Segment Start: Records to process
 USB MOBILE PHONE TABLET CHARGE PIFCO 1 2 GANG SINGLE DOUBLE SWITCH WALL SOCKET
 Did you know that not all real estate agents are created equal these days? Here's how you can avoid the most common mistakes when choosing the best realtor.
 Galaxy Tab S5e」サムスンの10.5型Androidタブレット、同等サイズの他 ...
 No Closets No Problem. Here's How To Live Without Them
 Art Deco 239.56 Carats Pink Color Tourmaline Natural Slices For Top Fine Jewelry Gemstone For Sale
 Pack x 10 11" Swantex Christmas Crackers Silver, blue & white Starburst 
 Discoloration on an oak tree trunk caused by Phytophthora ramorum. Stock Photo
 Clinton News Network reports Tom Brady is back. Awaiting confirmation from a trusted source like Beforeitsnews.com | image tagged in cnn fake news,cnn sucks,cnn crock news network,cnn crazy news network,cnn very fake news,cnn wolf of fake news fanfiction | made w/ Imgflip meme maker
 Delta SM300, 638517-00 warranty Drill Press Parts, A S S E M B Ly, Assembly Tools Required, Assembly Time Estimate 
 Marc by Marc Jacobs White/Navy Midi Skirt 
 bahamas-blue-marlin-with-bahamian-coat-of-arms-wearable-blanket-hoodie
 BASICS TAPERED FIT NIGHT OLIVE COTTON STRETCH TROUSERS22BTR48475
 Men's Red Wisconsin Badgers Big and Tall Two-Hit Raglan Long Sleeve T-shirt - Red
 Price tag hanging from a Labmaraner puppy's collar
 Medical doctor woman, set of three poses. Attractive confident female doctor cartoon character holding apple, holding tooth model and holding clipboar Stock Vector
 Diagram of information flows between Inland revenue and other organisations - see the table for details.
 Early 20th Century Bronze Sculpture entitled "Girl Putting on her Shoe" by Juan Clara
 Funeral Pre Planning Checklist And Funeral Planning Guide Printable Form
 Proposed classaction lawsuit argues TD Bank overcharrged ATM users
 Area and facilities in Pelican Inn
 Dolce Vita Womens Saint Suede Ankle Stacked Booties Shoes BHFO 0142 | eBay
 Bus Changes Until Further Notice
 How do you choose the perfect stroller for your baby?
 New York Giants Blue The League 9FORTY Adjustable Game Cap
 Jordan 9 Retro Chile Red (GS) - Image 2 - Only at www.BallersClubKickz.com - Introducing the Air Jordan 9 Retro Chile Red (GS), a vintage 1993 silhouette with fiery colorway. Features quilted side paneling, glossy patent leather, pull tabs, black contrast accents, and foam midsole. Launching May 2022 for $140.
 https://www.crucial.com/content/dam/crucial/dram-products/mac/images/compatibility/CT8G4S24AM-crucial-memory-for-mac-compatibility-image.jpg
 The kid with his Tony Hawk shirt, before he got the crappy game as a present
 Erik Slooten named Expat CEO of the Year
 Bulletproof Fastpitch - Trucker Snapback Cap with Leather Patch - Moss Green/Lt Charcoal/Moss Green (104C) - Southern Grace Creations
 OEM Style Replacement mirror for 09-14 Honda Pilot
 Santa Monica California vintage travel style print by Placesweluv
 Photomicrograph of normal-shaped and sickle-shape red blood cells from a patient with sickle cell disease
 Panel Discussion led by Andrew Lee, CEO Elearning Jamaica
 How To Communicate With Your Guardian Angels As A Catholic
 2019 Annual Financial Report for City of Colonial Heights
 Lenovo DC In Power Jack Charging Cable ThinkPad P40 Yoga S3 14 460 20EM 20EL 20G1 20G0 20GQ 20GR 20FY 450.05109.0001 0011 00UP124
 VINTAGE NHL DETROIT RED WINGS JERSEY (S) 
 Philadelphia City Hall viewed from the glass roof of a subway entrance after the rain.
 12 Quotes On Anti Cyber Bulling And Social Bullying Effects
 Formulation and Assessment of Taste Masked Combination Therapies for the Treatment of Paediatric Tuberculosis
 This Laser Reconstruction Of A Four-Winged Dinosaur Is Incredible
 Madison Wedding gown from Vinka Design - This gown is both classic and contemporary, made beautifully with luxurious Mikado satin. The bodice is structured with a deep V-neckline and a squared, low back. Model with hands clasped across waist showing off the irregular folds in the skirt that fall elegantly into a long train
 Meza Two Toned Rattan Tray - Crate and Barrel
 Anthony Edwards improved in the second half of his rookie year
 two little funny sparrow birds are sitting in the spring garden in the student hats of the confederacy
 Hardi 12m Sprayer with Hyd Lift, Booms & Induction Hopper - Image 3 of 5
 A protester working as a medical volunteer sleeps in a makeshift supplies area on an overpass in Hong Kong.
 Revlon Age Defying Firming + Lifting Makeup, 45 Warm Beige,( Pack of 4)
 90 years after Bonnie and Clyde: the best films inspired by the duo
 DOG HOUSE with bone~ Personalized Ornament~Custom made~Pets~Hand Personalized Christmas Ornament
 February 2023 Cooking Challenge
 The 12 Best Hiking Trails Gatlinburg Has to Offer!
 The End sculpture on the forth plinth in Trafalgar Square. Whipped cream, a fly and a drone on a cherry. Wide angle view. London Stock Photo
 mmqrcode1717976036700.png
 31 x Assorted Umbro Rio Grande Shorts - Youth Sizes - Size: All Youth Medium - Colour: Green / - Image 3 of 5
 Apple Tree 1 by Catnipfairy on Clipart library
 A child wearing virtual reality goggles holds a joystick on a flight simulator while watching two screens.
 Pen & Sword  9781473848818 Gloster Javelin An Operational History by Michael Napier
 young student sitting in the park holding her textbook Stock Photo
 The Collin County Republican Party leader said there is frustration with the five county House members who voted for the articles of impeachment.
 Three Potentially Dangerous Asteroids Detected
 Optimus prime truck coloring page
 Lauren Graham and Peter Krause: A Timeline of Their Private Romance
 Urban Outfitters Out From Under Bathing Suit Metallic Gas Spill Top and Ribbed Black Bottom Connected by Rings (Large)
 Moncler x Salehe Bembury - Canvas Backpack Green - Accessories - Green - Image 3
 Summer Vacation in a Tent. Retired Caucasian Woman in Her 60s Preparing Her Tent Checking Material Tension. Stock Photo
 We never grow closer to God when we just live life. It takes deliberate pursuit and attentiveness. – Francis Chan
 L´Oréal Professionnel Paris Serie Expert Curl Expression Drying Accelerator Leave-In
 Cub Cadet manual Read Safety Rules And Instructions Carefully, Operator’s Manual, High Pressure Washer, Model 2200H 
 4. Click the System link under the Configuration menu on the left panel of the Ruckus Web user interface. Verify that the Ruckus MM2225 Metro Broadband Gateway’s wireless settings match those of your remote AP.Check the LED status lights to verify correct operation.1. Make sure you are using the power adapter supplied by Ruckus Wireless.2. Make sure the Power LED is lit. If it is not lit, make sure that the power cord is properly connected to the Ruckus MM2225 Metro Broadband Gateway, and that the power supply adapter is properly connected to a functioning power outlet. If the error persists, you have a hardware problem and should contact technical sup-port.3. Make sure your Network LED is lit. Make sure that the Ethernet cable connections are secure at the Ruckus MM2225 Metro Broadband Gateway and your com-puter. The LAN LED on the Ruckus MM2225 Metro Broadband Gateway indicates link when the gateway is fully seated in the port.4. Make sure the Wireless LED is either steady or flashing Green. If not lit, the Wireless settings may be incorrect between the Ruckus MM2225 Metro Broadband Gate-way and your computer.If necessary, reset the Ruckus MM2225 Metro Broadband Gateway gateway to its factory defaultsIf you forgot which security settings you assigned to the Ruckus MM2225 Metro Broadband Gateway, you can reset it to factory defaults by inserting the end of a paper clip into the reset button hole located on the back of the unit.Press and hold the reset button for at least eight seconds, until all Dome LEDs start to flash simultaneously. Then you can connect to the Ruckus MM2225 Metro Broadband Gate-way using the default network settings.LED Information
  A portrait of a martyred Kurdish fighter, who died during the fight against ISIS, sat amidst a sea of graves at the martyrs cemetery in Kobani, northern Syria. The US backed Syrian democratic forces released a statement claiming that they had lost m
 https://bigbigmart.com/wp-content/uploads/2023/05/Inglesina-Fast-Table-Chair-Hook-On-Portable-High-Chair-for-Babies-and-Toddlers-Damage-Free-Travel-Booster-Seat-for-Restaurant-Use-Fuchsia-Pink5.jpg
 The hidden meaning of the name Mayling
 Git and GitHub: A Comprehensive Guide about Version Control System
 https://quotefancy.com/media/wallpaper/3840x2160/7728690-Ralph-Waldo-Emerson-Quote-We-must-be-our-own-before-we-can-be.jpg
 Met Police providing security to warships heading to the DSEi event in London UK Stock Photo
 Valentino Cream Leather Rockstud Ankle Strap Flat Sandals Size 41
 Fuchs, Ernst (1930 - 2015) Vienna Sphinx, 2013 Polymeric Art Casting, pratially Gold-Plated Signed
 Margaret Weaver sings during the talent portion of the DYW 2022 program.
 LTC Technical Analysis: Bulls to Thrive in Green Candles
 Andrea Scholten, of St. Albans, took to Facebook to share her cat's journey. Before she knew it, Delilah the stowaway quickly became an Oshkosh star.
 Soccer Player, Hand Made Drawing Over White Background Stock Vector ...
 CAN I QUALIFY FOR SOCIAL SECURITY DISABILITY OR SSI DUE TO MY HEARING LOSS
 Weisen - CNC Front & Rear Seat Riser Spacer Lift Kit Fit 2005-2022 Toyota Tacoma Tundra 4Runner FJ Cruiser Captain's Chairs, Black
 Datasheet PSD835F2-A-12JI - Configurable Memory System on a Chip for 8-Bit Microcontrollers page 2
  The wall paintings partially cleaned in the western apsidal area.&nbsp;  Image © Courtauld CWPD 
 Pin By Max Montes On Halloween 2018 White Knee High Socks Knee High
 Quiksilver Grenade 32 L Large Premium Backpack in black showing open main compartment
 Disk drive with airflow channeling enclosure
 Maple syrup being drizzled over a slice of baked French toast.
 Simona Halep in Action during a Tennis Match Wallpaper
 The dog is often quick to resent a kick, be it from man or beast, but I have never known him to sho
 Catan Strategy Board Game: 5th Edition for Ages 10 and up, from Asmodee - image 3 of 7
Segment End: Records to process
What to produce: In the listing above, find the line with "Bulletproof Fastpitch - Trucker" and the line with "12 Quotes On", then print exactly those lines and every line between them.

Solution to this exercise:
 Bulletproof Fastpitch - Trucker Snapback Cap with Leather Patch - Moss Green/Lt Charcoal/Moss Green (104C) - Southern Grace Creations
 OEM Style Replacement mirror for 09-14 Honda Pilot
 Santa Monica California vintage travel style print by Placesweluv
 Photomicrograph of normal-shaped and sickle-shape red blood cells from a patient with sickle cell disease
 Panel Discussion led by Andrew Lee, CEO Elearning Jamaica
 How To Communicate With Your Guardian Angels As A Catholic
 2019 Annual Financial Report for City of Colonial Heights
 Lenovo DC In Power Jack Charging Cable ThinkPad P40 Yoga S3 14 460 20EM 20EL 20G1 20G0 20GQ 20GR 20FY 450.05109.0001 0011 00UP124
 VINTAGE NHL DETROIT RED WINGS JERSEY (S) 
 Philadelphia City Hall viewed from the glass roof of a subway entrance after the rain.
 12 Quotes On Anti Cyber Bulling And Social Bullying Effects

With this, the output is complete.